Facebook is negotiating a multi-billion dollar fine with the FTC over privacy probe

Facebook could be slapped a multi-billion dollar fine from the FTC (Federal Trade Commission) over recent privacy lapses, according to a report from The Washington Post. The FTC has been investigating into Facebook’s privacy and security-violating practices related to the leaking of data of Facebook users to Cambridge Analytica last year.

For those unaware, Cambridge Analytica and Facebook were involved in a privacy scandal wherein the former had illegally lifted data of millions of Facebook users without their knowledge and consent and used it to influence voter trends in several countries. Facebook allowed thousands of app developers to harvest data through third-party online games and quizzes and then used it to target American voters with emotionally specific messaging. Facebook believes that as many as 87 million users’ personal data have been collected without their permission.

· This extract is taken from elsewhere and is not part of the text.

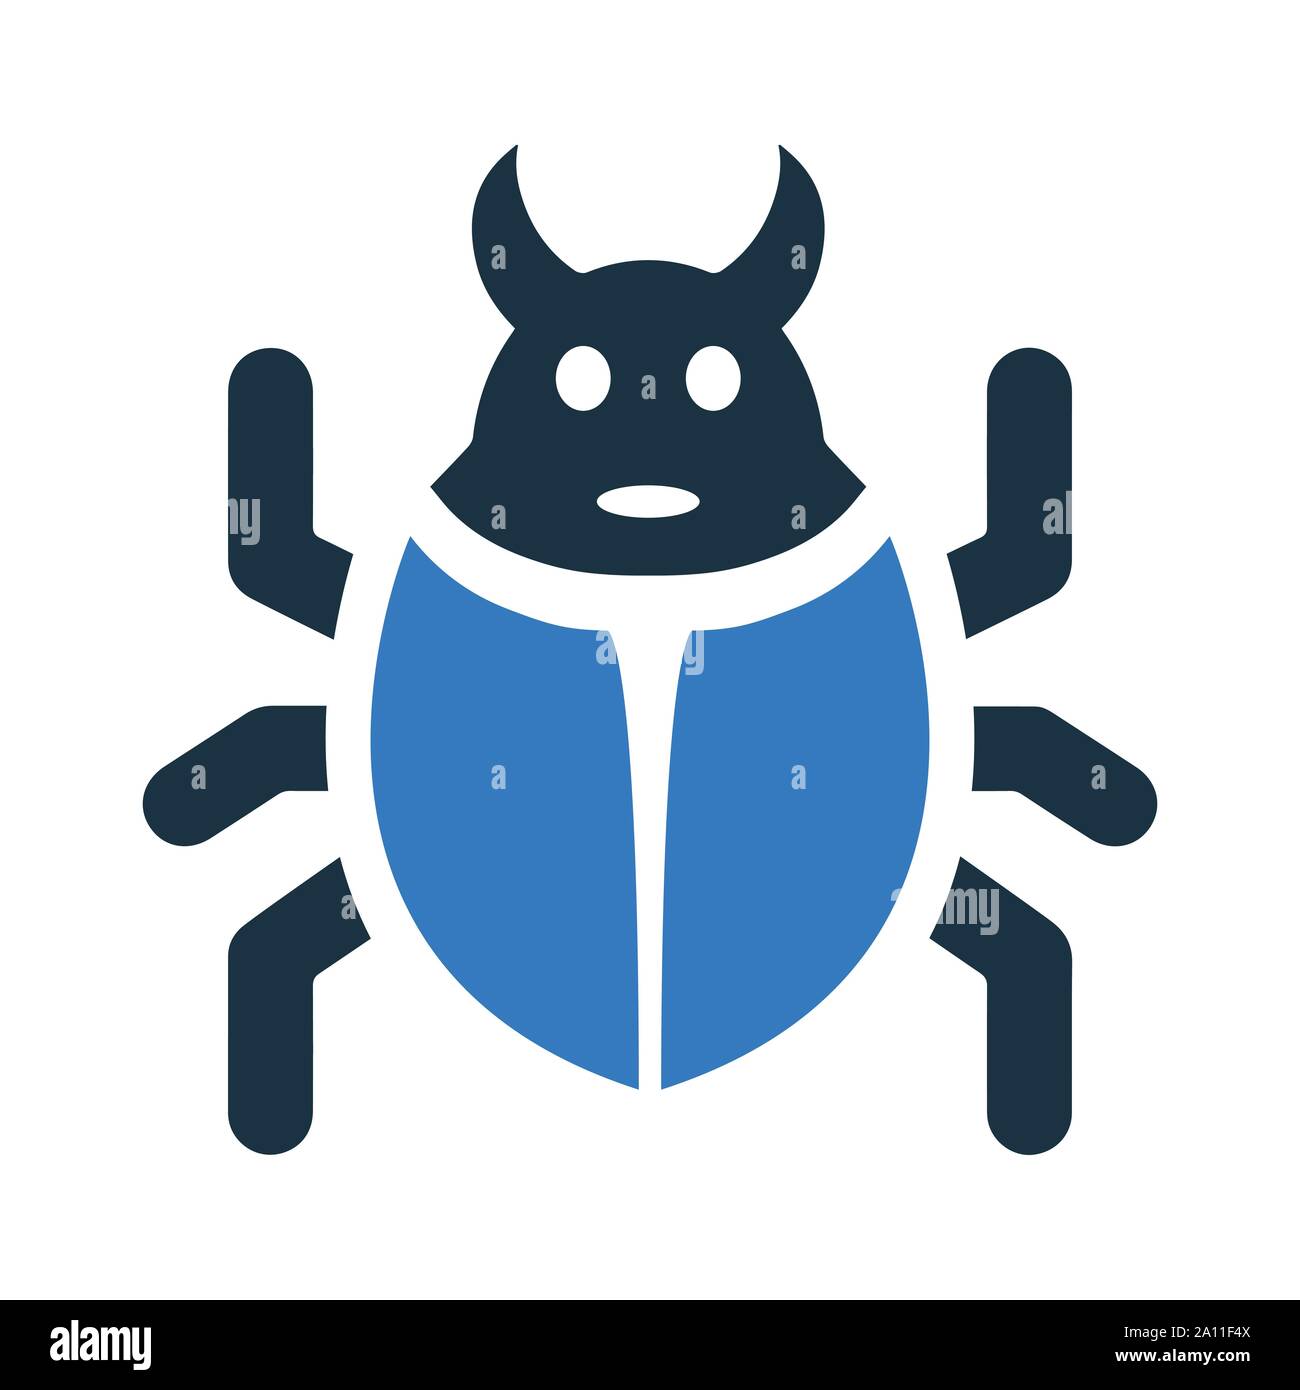 Beautiful design and fully editable Bug, fixing, repair, reparation, weak side, lapsus icon for commercial, print media, web or any type of design pro Stock Vector

According to The Washington Post, Facebook and the FTC are negotiating a “multi-billion dollar” fine for the social networking giant’s privacy violations. However, the two sides haven’t agreed on an amount, as Facebook has allegedly disputed some of the FTC’s stipulations, The Washington Post said citing two unnamed sources.

Currently, the issue is whether Facebook is in violation of a 2011 consent agreement with the FTC, which required the social network to have a “comprehensive privacy program” and to get the “express consent” of users before sharing their data.

The fine imposed for privacy lapses on Facebook could be the largest ever for a tech company. Previous largest-ever FTC fines imposed on a tech firm was the $22.5 million penalty that Google was made to pay for violating an earlier privacy agreement with the agency. 

Both Facebook and the FTC have declined to comment on the issue.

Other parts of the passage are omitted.